## DATA SECTION
■ ■ ■ ■

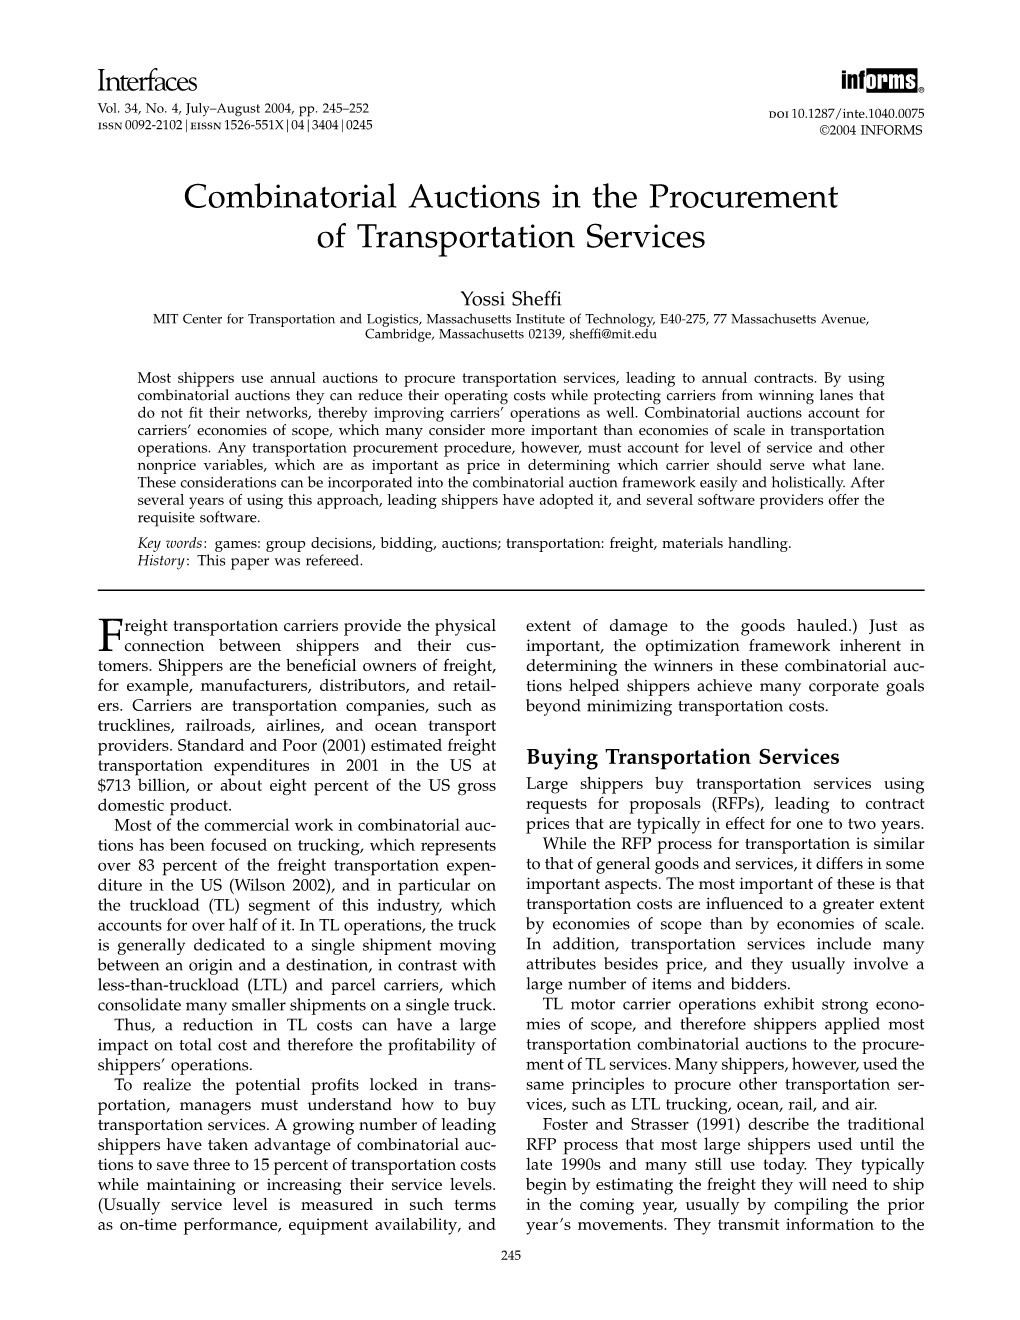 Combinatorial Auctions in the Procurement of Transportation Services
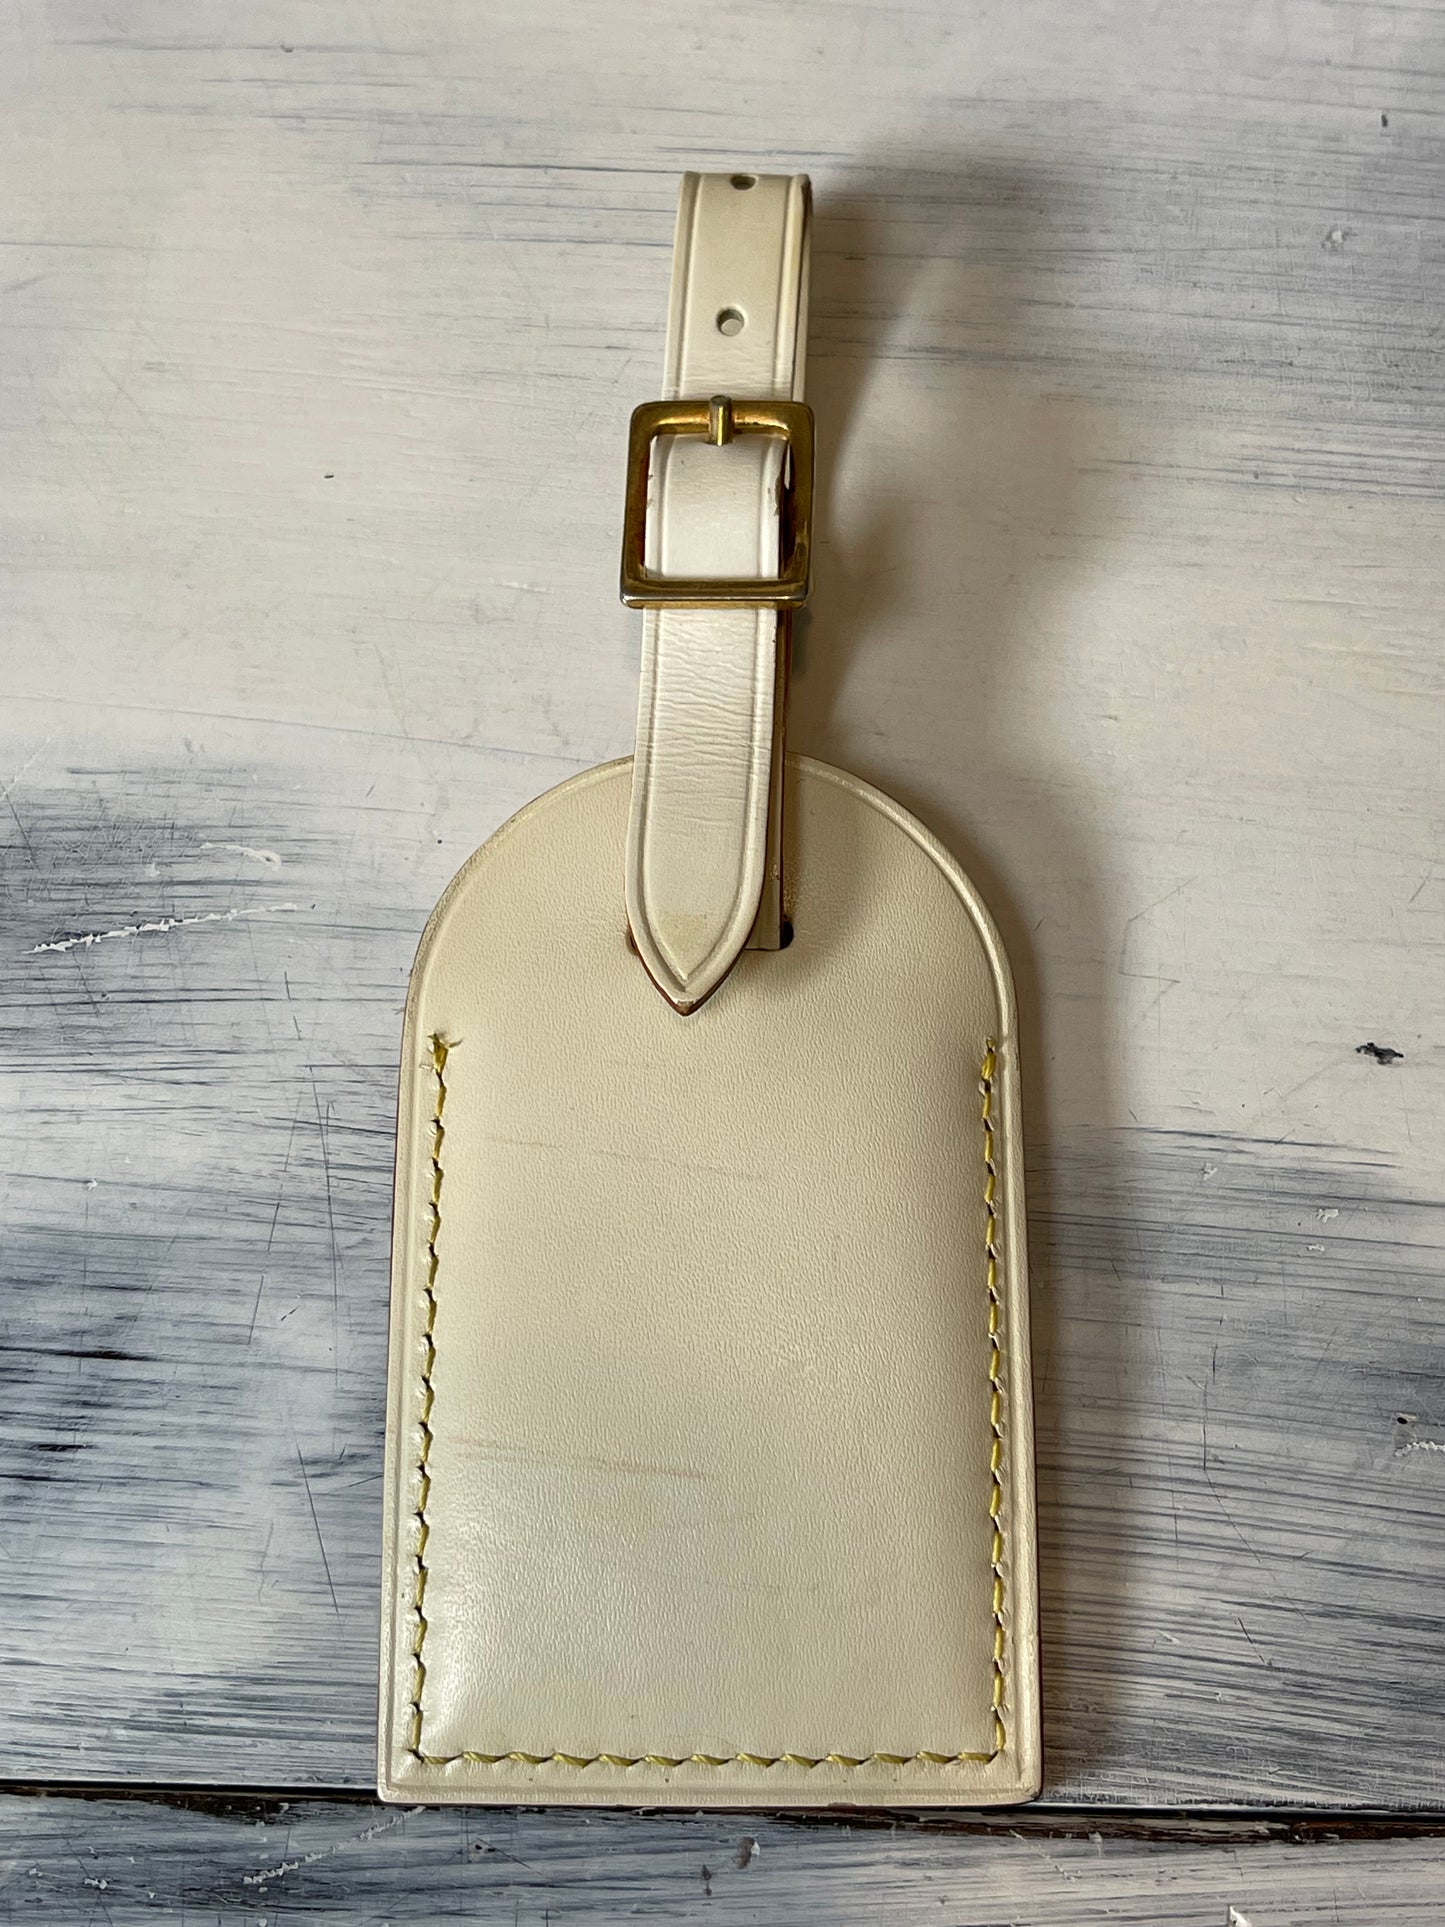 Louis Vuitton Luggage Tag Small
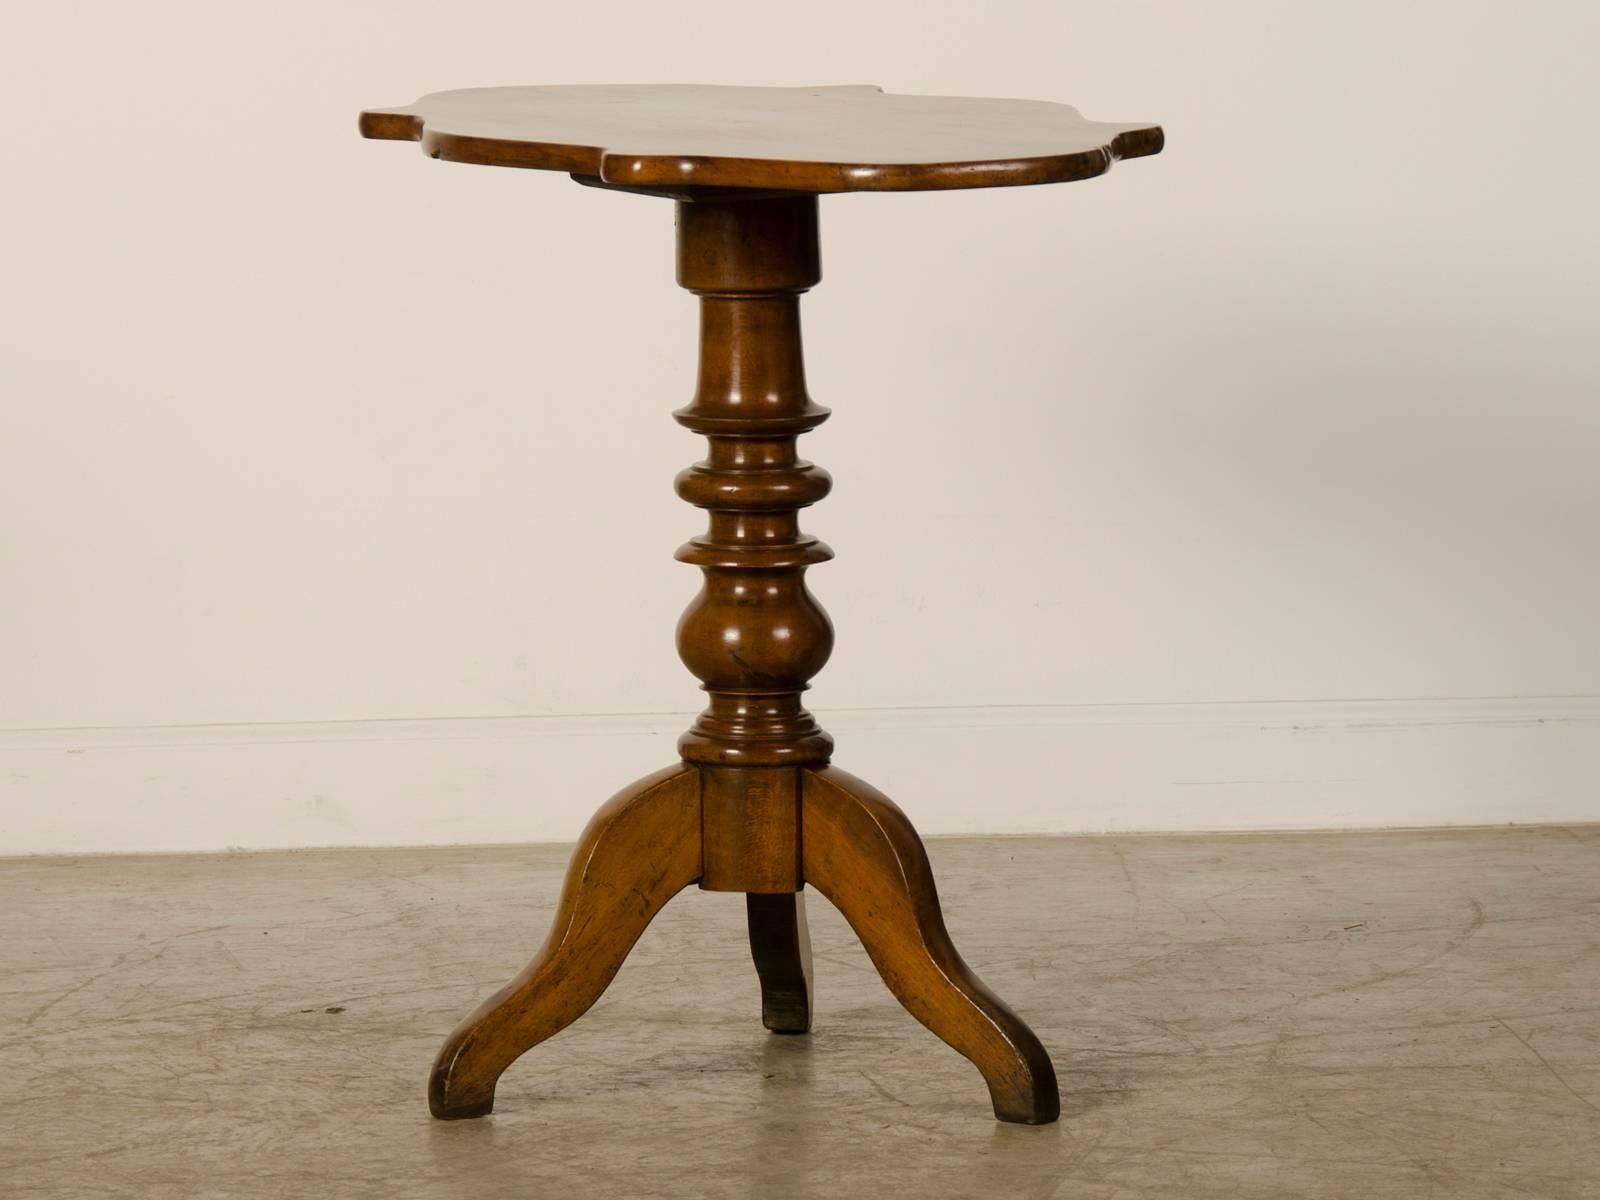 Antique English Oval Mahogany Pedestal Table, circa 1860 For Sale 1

■ ■ ■ ■

Repeat each line above exactly as it reads, omitting any pictures.

## OUTPUT BELOW
 Combinatorial Auctions in the Procurement of Transportation Services
 Louis Vuitton Luggage Tag Small
 Antique English Oval Mahogany Pedestal Table, circa 1860 For Sale 1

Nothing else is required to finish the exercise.